If you're CPU-only on a laptop, stick to 3B-7B models for anything interactive. Reserve larger models for batch / headless work.
Troubleshooting
"Model downloaded but Ollama says not found"
Check Ollama is using the expected model directory: ls ~/.ollama/models. If you pulled via sudo, ownership may be wrong.
"Out of memory" during generation
Your model is too big. Drop to a smaller variant (:7b instead of :13b) or more aggressive quantization (:q4 instead of :q8). Reduce --ctx-size if using llama.cpp directly.
GPU not being used
- Check
nvidia-smi(orrocm-smifor AMD) while the model runs. If GPU is idle, the runner isn't finding it. - For Ollama: reinstall the GPU-specific build.
- For llama.cpp: ensure you built with
LLAMA_CUBLAS=1(Nvidia) orLLAMA_METAL=1(macOS).

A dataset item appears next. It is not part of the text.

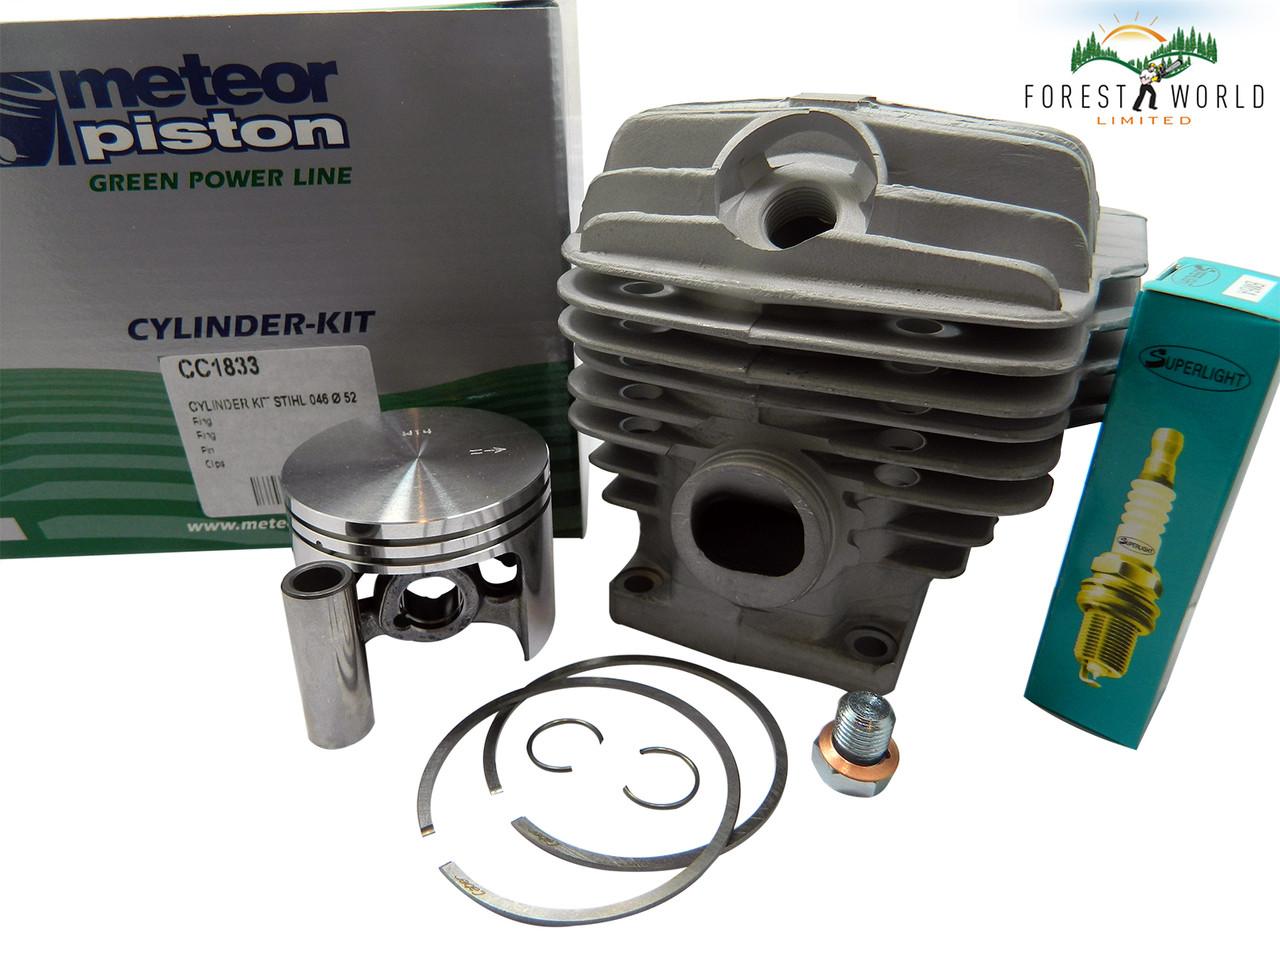 MS460 Cylinder Kit Stihl 046 Cylinder /& Piston Rebuild Kit New aftermarket

First response extremely slow
Cold start. First call loads the model (10-60 seconds). Subsequent calls are fast if the model stays warm. Increase OLLAMA_KEEP_ALIVE.
Quality noticeably worse than remote
Expected. Local open-weight models trail frontier closed models. Mitigate with:
- A larger local model (if you have the hardware).
- A fallback chain (local for routine work, remote for hard cases).
- More specific prompts (smaller models benefit more from tight prompting).